§ Work required
Shown below is a listing with pictures; reproduce exactly, and only, the lines between the ones containing "Imawa No Kuni" and "Short-sleeved silk-effect blouse, Light", inclusive, leaving the pictures out.

§ Material shown
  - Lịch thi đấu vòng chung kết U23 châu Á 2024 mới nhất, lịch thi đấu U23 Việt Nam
---
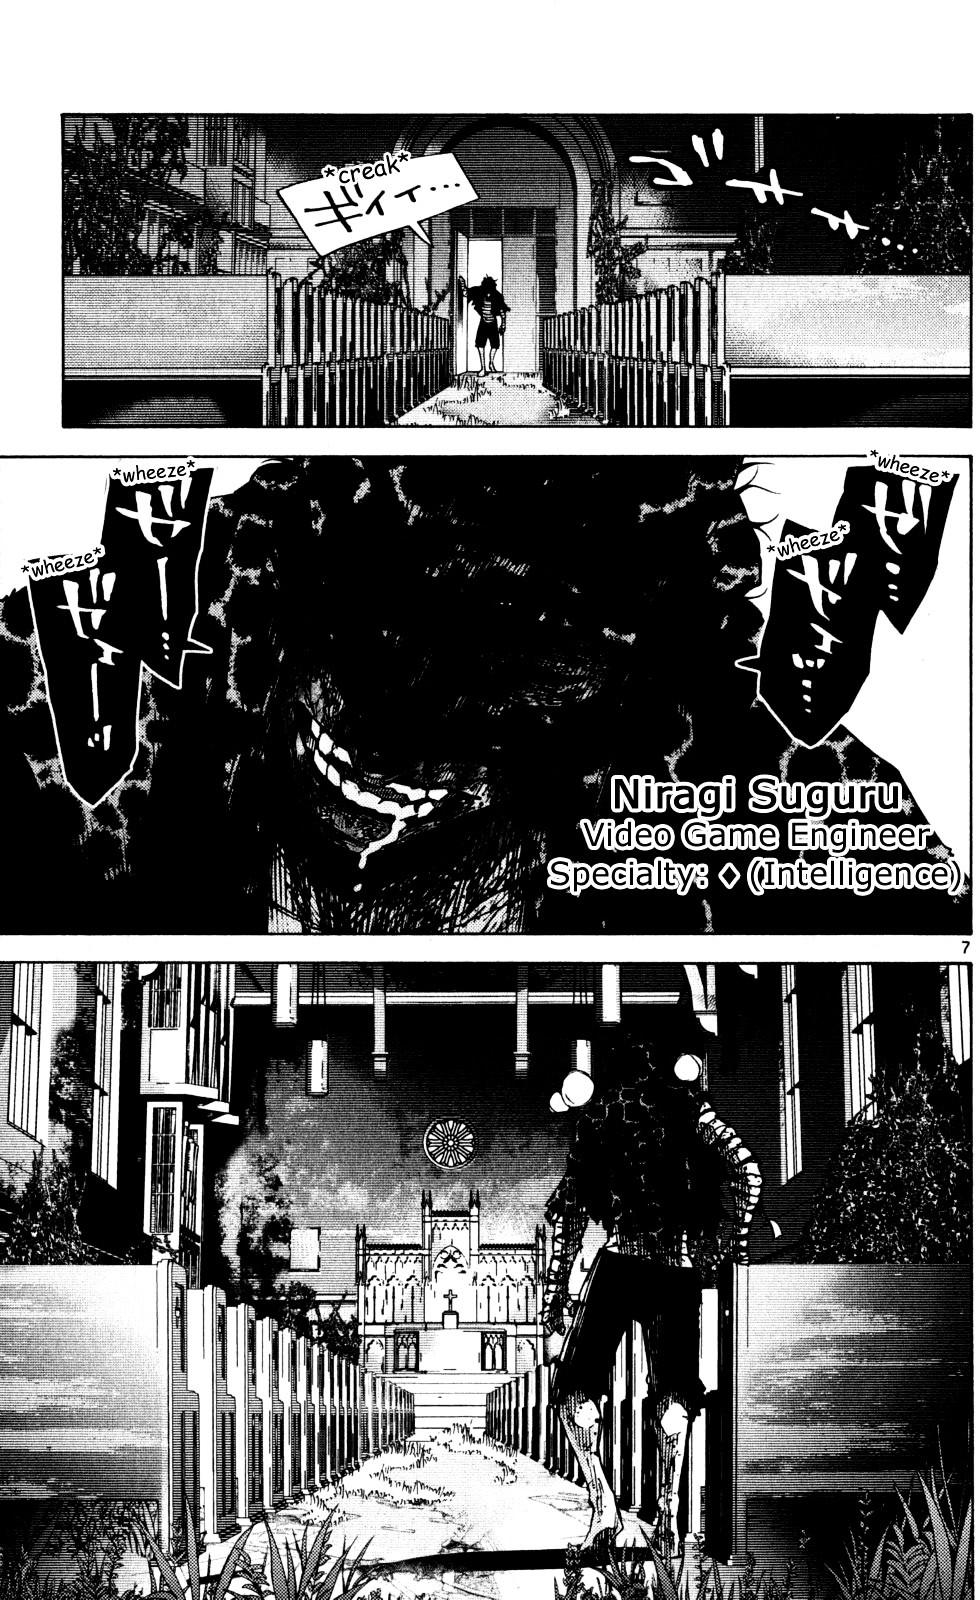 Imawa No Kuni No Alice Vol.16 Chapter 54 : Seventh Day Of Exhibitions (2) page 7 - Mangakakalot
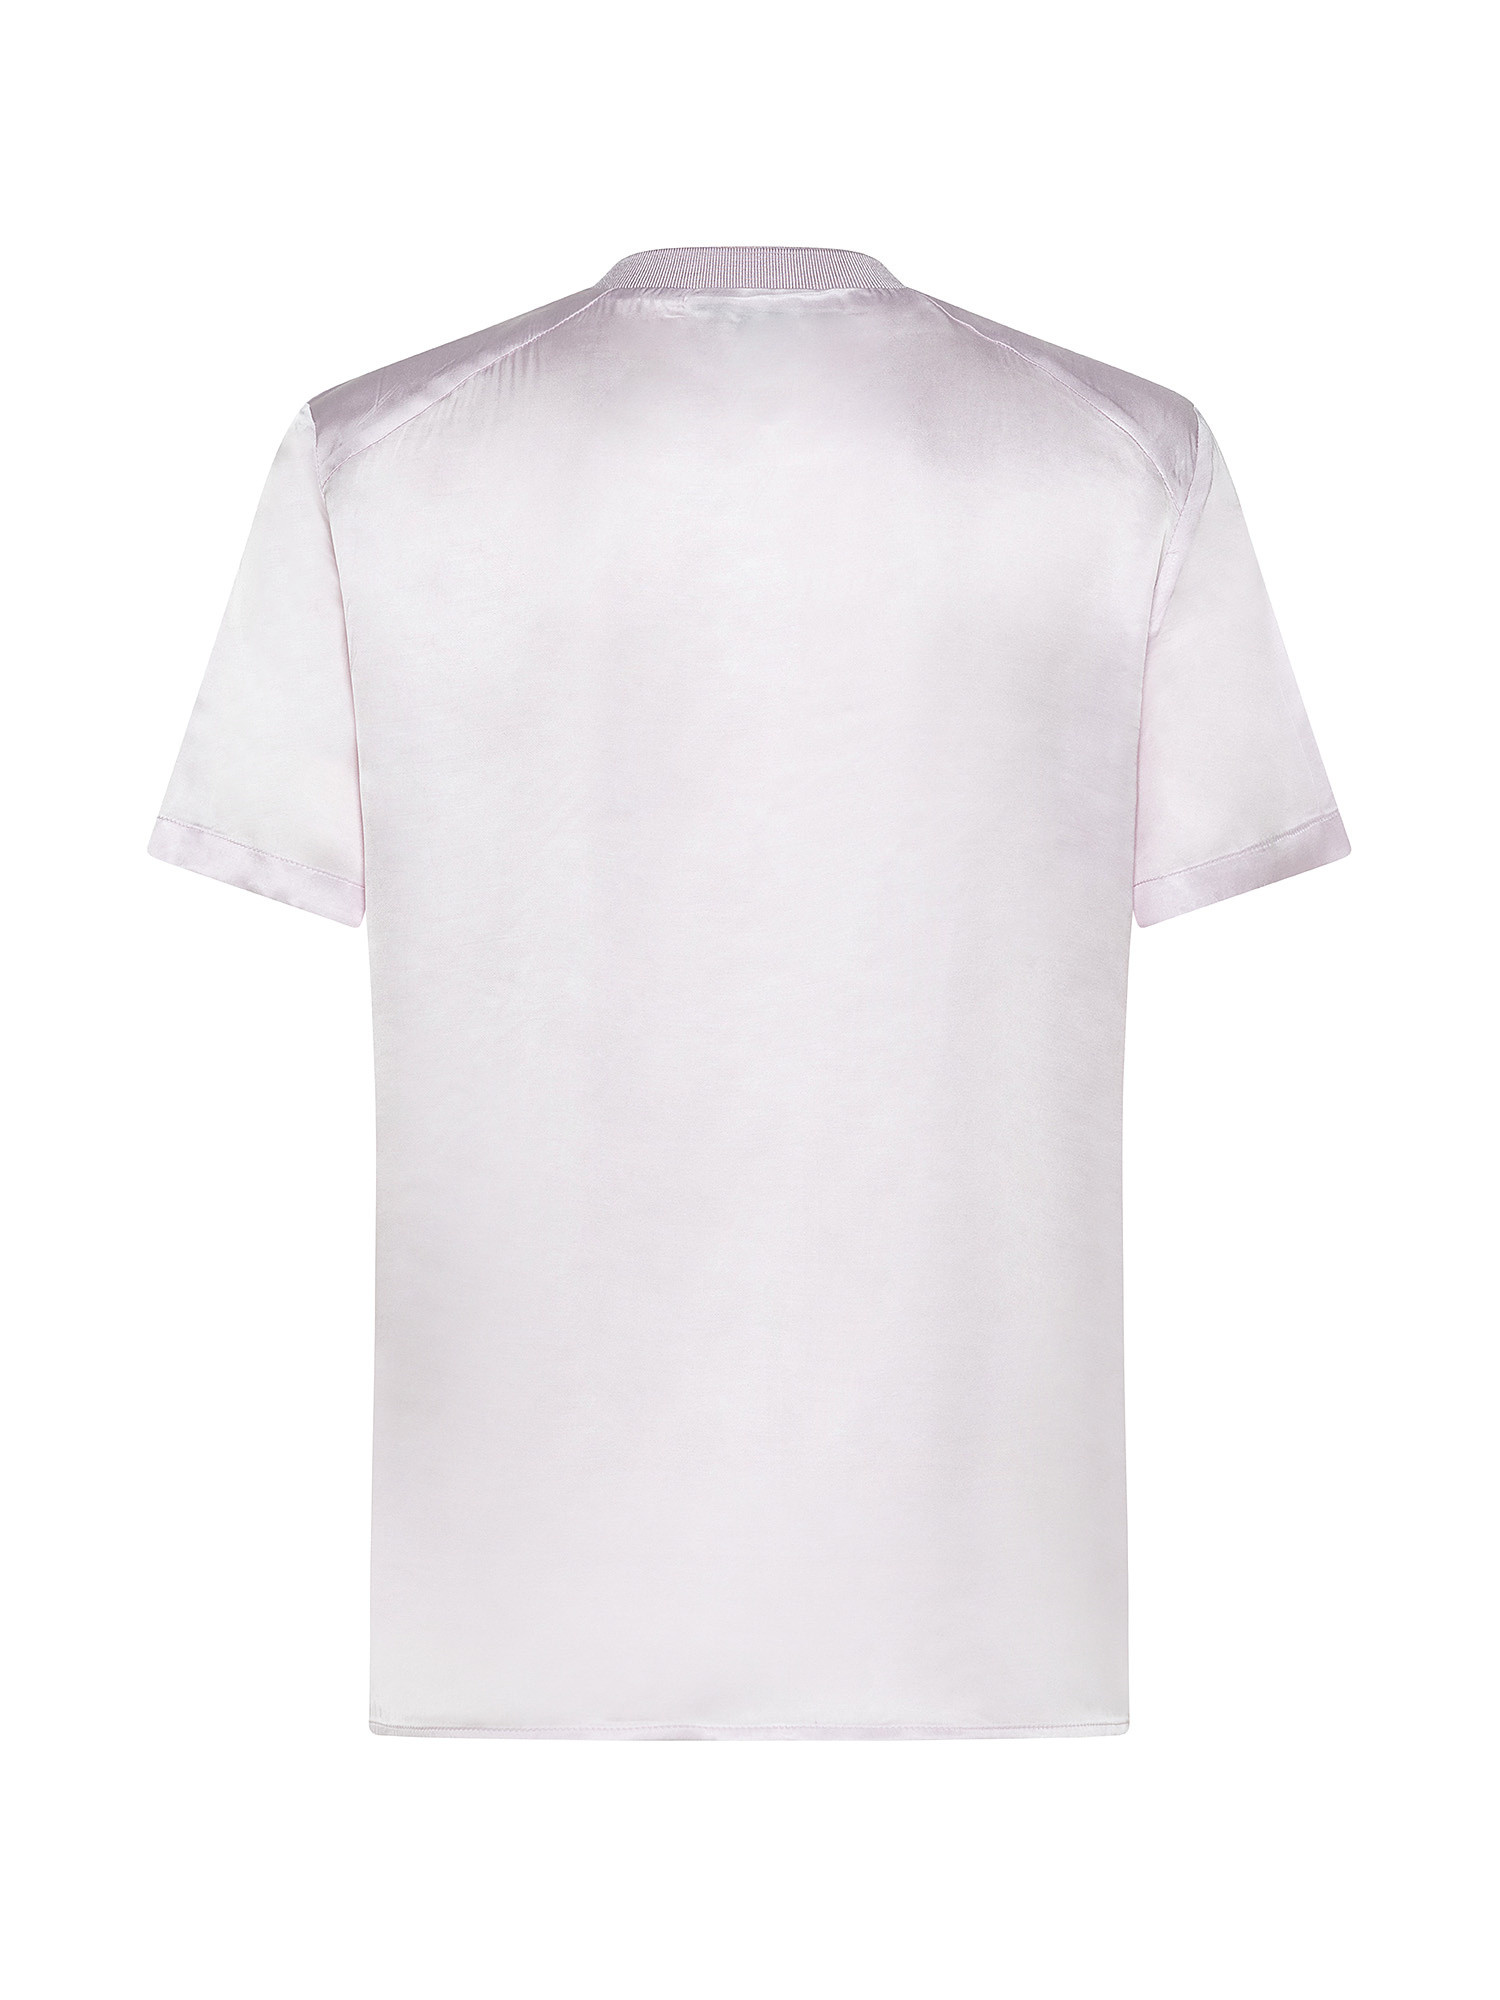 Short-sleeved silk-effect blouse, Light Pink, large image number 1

§ The completed task
 Imawa No Kuni No Alice Vol.16 Chapter 54 : Seventh Day Of Exhibitions (2) page 7 - Mangakakalot
 Short-sleeved silk-effect blouse, Light Pink, large image number 1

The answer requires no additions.